[RC] The Limits to Systems Thinking
Avesland at aol.com
Avesland at aol.com
Wed Jul 20 20:13:54 EDT 2005
The Limits to Systems Thinking
By : Billy Rojas
There is no question about the usefulness of systems thinking. The issue
might best be put this way :
All problems that are necessary for us to solve are problems of war.
In most cases this principle must be taken metaphorically, as in the
phrase, "the war of the sexes," or when thinking about business or
marketing "campaigns." Yet there is truth in the observation that politics
is war by other means. War is endemic to life; or, if not war as such,
the problem of predation. It is not paranoia to take the view that someone
is always out to get us. Someone always IS out to get us.
Just as we are always out to get someone else. In less militaristic
terminology,
we live in a competitive world. Competition has strong imperatives. We ignore
those imperatives only at our peril. We can never assume the good will of
others -with only some specific classes of exceptions, and not always then,
namely love relationships, friendships, the relationship of parents to their
children, and relationships within various religious communities or, in a few
cases, communities based upon some form of psychotherapy, explicit or
unexpressed. But this seems to exhaust the list of exceptions.
Everything else, the world of business, of education, of government, of
the law, of sports, of communications, of the professions, and so forth,
are all competitive, sometimes to near or real excess. And, given the
characteristics of competition , someone is, indeed, always out to best
you, to become "one up" on you, to be more successful, to achieve
more than you, to take resources from you, even if indirectly. Hence
someone is always out to get you, or, at a minimum, to get the better
of you. We live in a world of predators, in other words, fellow human
beings who compete with us every day of our lives.

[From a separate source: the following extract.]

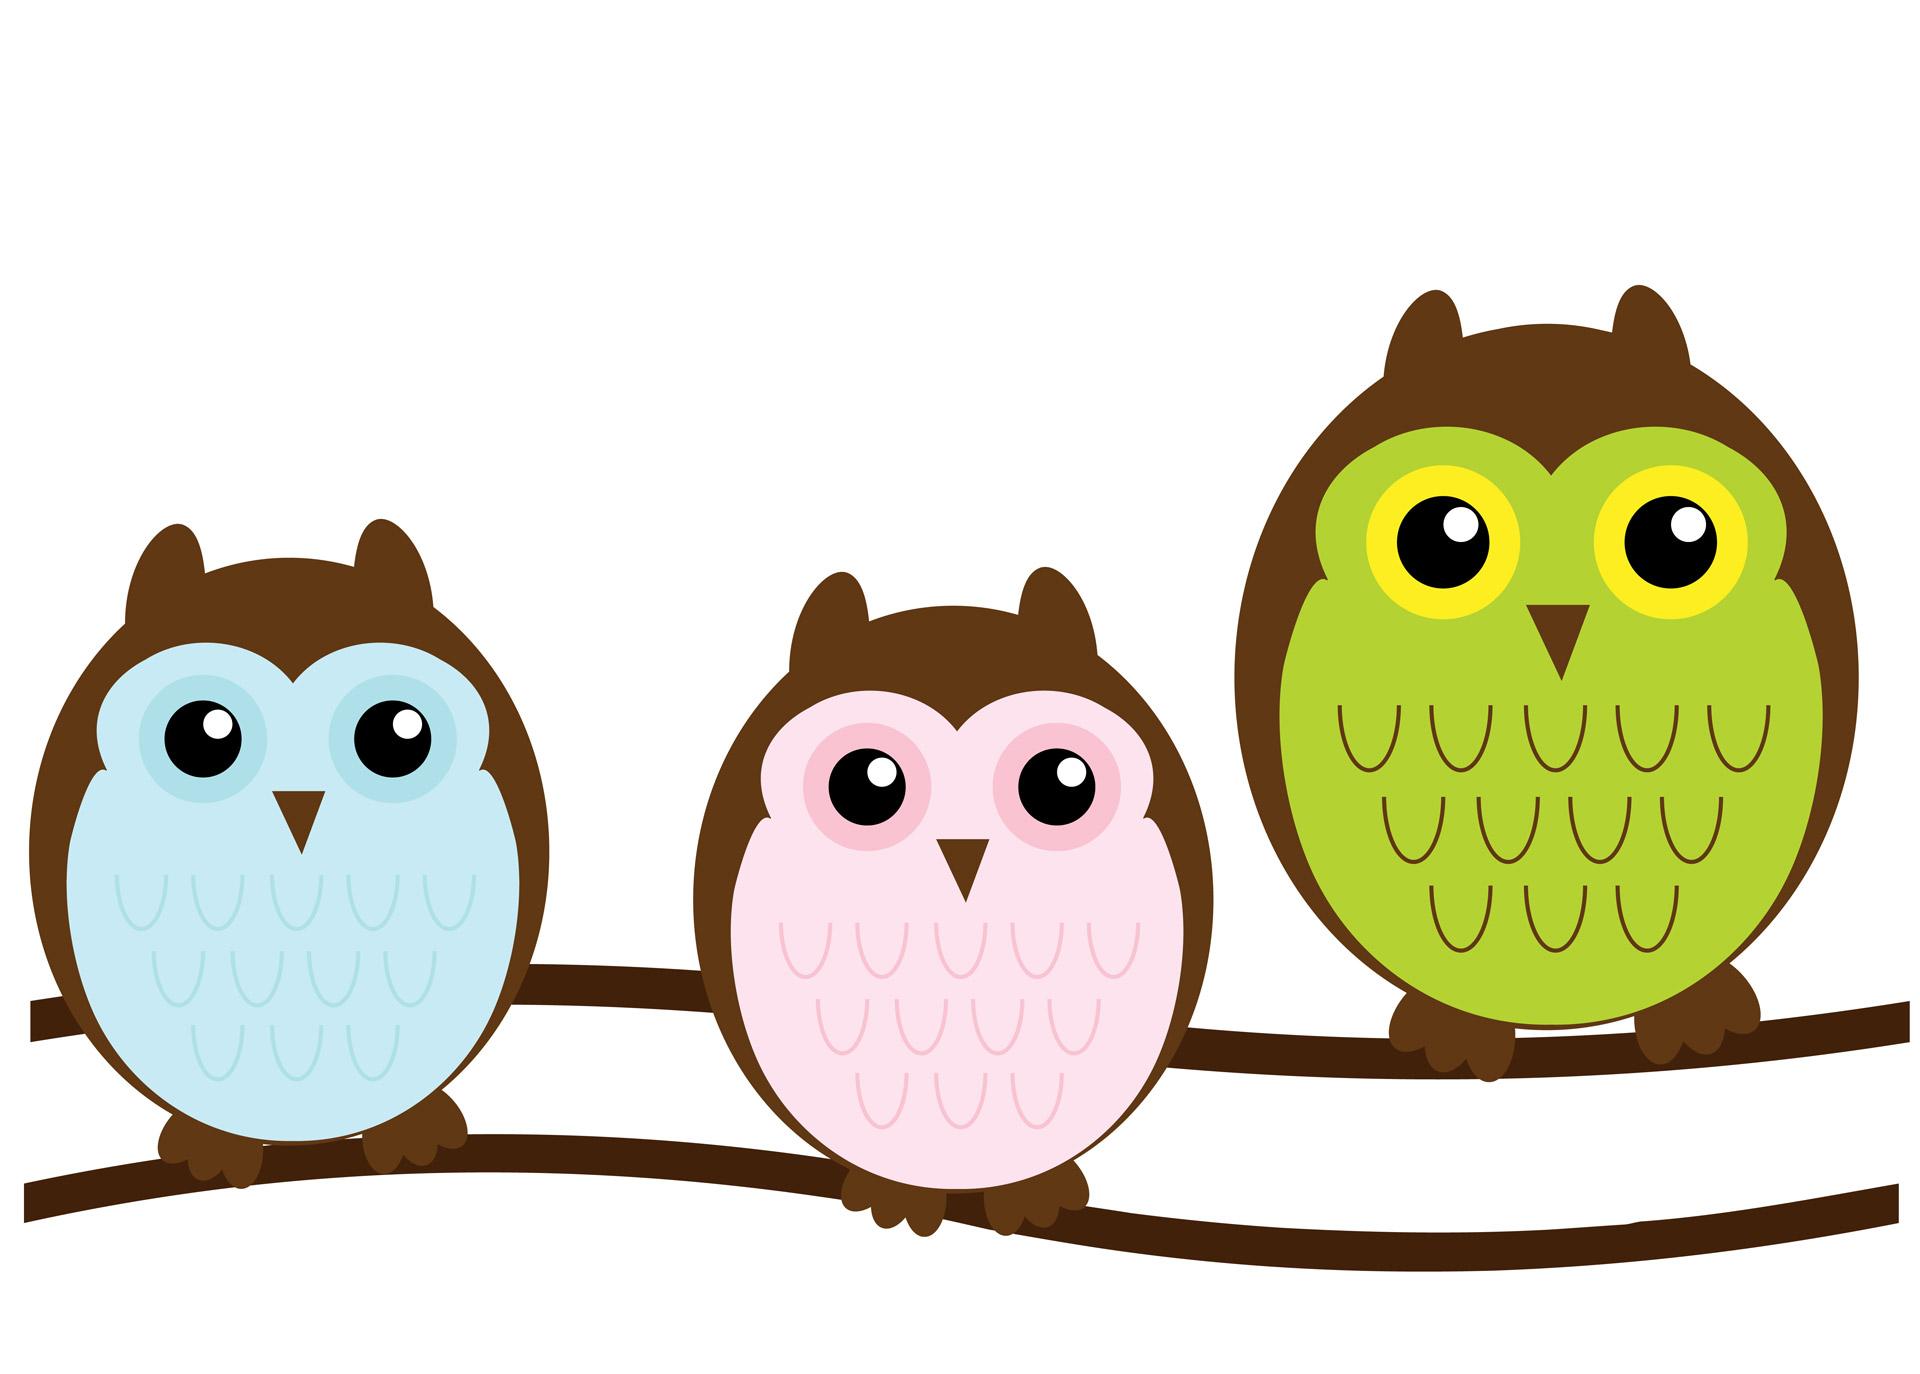 1920x1374 Owl Family Cute Clipart Free Stock Photo

That predation is mitigated by religion, by social relationships, by family,
by various elements of culture, is not in dispute. But all the mitigation in
the world does not change the essential fact of the matter : In effect,
we live in a world where war in some form is forever the normal
condition of our lives.
Sometimes this is not metaphorical at all.. Sometimes we need to deal
with military might, with attacks against us by enemies that seek to kill
us or destroy our society and its values. Sometimes we need to take
into account the effects of secret wars waged by intelligence agencies
and counterintelligence operatives. Sometimes criminal gangs assume
powers that threaten entire communities in the way that an occupying
army with sinister motives may threaten an entire population, viz, the
example of the Nazis in WWII, or the North Korean Communists in
the southern part of the peninsula in the early 1950s; this is in no way
a reference to Americans in Iraq. But the fact is that an occupying
army can be quite oppressive and as far as the people under occupation
are concerned , they are still at war even if the front has passed.
The Cold War was another example of a real war, even if there was
no direct military confrontation between the USA and the USSR.
That business resembles war has been the subject of many books and
serious articles, for instance :
William Peacock's 1984 volume, Corporate Combat
J. C. Levinson's opus, also from 1984, Guerilla Marketing.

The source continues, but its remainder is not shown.